▸ **Try it**: Output each entry exactly as written.

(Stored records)
=== Section Start ===

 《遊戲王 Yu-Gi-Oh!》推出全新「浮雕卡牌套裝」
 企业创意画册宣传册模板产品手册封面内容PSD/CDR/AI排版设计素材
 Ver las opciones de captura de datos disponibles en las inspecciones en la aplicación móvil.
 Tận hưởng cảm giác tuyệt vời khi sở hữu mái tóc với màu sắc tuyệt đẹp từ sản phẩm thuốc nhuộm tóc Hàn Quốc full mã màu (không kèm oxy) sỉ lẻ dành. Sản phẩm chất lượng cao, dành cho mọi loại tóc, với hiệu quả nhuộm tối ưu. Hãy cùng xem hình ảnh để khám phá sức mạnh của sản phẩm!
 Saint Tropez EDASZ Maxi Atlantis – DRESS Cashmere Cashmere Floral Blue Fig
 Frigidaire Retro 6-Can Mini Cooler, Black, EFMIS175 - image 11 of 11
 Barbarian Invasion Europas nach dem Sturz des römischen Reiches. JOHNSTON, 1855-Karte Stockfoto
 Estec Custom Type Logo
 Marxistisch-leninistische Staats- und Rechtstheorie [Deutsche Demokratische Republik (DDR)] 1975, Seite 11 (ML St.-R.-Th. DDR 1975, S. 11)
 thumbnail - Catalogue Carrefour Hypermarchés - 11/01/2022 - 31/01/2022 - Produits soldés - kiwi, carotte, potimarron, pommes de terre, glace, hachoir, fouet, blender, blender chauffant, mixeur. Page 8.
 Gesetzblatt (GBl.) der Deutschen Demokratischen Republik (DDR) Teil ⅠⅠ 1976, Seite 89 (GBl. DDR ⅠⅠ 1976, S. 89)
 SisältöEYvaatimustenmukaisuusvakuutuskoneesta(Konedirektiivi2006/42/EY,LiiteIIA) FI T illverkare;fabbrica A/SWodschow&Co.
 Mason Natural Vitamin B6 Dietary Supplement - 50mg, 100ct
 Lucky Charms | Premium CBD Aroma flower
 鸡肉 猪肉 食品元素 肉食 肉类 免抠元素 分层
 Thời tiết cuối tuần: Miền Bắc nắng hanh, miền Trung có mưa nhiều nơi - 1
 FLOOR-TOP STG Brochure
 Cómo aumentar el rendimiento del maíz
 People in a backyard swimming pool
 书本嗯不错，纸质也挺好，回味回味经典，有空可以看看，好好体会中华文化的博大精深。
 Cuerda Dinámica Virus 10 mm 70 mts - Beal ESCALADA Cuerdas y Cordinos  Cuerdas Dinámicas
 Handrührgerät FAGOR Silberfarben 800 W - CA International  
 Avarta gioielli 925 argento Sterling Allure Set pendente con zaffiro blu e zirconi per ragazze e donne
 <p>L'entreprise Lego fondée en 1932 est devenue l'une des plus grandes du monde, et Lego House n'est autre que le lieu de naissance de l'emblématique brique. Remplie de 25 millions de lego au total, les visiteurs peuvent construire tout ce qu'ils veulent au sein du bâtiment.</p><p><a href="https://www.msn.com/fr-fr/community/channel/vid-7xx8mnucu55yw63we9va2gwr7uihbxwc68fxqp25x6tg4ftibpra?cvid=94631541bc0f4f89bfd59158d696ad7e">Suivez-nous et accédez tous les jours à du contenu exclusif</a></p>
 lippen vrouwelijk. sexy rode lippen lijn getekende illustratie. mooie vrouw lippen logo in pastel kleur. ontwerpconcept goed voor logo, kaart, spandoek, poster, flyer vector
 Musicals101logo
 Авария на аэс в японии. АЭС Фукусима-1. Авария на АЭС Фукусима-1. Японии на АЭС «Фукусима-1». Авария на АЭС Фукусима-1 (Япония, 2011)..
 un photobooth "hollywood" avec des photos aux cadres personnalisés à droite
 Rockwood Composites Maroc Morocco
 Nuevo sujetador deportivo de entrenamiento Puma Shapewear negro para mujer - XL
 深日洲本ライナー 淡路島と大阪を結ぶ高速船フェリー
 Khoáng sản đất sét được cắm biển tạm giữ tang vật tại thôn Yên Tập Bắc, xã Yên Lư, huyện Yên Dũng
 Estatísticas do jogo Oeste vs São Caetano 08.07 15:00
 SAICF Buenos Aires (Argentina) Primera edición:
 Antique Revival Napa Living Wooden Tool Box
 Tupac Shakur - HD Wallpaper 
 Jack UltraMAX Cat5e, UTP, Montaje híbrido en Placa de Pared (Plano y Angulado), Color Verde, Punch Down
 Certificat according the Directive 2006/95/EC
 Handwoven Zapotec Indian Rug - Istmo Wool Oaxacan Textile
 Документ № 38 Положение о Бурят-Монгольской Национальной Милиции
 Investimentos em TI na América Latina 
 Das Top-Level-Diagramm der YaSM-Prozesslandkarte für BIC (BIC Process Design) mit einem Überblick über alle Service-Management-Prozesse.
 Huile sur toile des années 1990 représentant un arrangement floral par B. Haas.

=== Section End ===

▸ **Task result**:
 《遊戲王 Yu-Gi-Oh!》推出全新「浮雕卡牌套裝」
 企业创意画册宣传册模板产品手册封面内容PSD/CDR/AI排版设计素材
 Ver las opciones de captura de datos disponibles en las inspecciones en la aplicación móvil.
 Tận hưởng cảm giác tuyệt vời khi sở hữu mái tóc với màu sắc tuyệt đẹp từ sản phẩm thuốc nhuộm tóc Hàn Quốc full mã màu (không kèm oxy) sỉ lẻ dành. Sản phẩm chất lượng cao, dành cho mọi loại tóc, với hiệu quả nhuộm tối ưu. Hãy cùng xem hình ảnh để khám phá sức mạnh của sản phẩm!
 Saint Tropez EDASZ Maxi Atlantis – DRESS Cashmere Cashmere Floral Blue Fig
 Frigidaire Retro 6-Can Mini Cooler, Black, EFMIS175 - image 11 of 11
 Barbarian Invasion Europas nach dem Sturz des römischen Reiches. JOHNSTON, 1855-Karte Stockfoto
 Estec Custom Type Logo
 Marxistisch-leninistische Staats- und Rechtstheorie [Deutsche Demokratische Republik (DDR)] 1975, Seite 11 (ML St.-R.-Th. DDR 1975, S. 11)
 thumbnail - Catalogue Carrefour Hypermarchés - 11/01/2022 - 31/01/2022 - Produits soldés - kiwi, carotte, potimarron, pommes de terre, glace, hachoir, fouet, blender, blender chauffant, mixeur. Page 8.
 Gesetzblatt (GBl.) der Deutschen Demokratischen Republik (DDR) Teil ⅠⅠ 1976, Seite 89 (GBl. DDR ⅠⅠ 1976, S. 89)
 SisältöEYvaatimustenmukaisuusvakuutuskoneesta(Konedirektiivi2006/42/EY,LiiteIIA) FI T illverkare;fabbrica A/SWodschow&Co.
 Mason Natural Vitamin B6 Dietary Supplement - 50mg, 100ct
 Lucky Charms | Premium CBD Aroma flower
 鸡肉 猪肉 食品元素 肉食 肉类 免抠元素 分层
 Thời tiết cuối tuần: Miền Bắc nắng hanh, miền Trung có mưa nhiều nơi - 1
 FLOOR-TOP STG Brochure
 Cómo aumentar el rendimiento del maíz
 People in a backyard swimming pool
 书本嗯不错，纸质也挺好，回味回味经典，有空可以看看，好好体会中华文化的博大精深。
 Cuerda Dinámica Virus 10 mm 70 mts - Beal ESCALADA Cuerdas y Cordinos  Cuerdas Dinámicas
 Handrührgerät FAGOR Silberfarben 800 W - CA International  
 Avarta gioielli 925 argento Sterling Allure Set pendente con zaffiro blu e zirconi per ragazze e donne
 <p>L'entreprise Lego fondée en 1932 est devenue l'une des plus grandes du monde, et Lego House n'est autre que le lieu de naissance de l'emblématique brique. Remplie de 25 millions de lego au total, les visiteurs peuvent construire tout ce qu'ils veulent au sein du bâtiment.</p><p><a href="https://www.msn.com/fr-fr/community/channel/vid-7xx8mnucu55yw63we9va2gwr7uihbxwc68fxqp25x6tg4ftibpra?cvid=94631541bc0f4f89bfd59158d696ad7e">Suivez-nous et accédez tous les jours à du contenu exclusif</a></p>
 lippen vrouwelijk. sexy rode lippen lijn getekende illustratie. mooie vrouw lippen logo in pastel kleur. ontwerpconcept goed voor logo, kaart, spandoek, poster, flyer vector
 Musicals101logo
 Авария на аэс в японии. АЭС Фукусима-1. Авария на АЭС Фукусима-1. Японии на АЭС «Фукусима-1». Авария на АЭС Фукусима-1 (Япония, 2011)..
 un photobooth "hollywood" avec des photos aux cadres personnalisés à droite
 Rockwood Composites Maroc Morocco
 Nuevo sujetador deportivo de entrenamiento Puma Shapewear negro para mujer - XL
 深日洲本ライナー 淡路島と大阪を結ぶ高速船フェリー
 Khoáng sản đất sét được cắm biển tạm giữ tang vật tại thôn Yên Tập Bắc, xã Yên Lư, huyện Yên Dũng
 Estatísticas do jogo Oeste vs São Caetano 08.07 15:00
 SAICF Buenos Aires (Argentina) Primera edición:
 Antique Revival Napa Living Wooden Tool Box
 Tupac Shakur - HD Wallpaper 
 Jack UltraMAX Cat5e, UTP, Montaje híbrido en Placa de Pared (Plano y Angulado), Color Verde, Punch Down
 Certificat according the Directive 2006/95/EC
 Handwoven Zapotec Indian Rug - Istmo Wool Oaxacan Textile
 Документ № 38 Положение о Бурят-Монгольской Национальной Милиции
 Investimentos em TI na América Latina 
 Das Top-Level-Diagramm der YaSM-Prozesslandkarte für BIC (BIC Process Design) mit einem Überblick über alle Service-Management-Prozesse.
 Huile sur toile des années 1990 représentant un arrangement floral par B. Haas.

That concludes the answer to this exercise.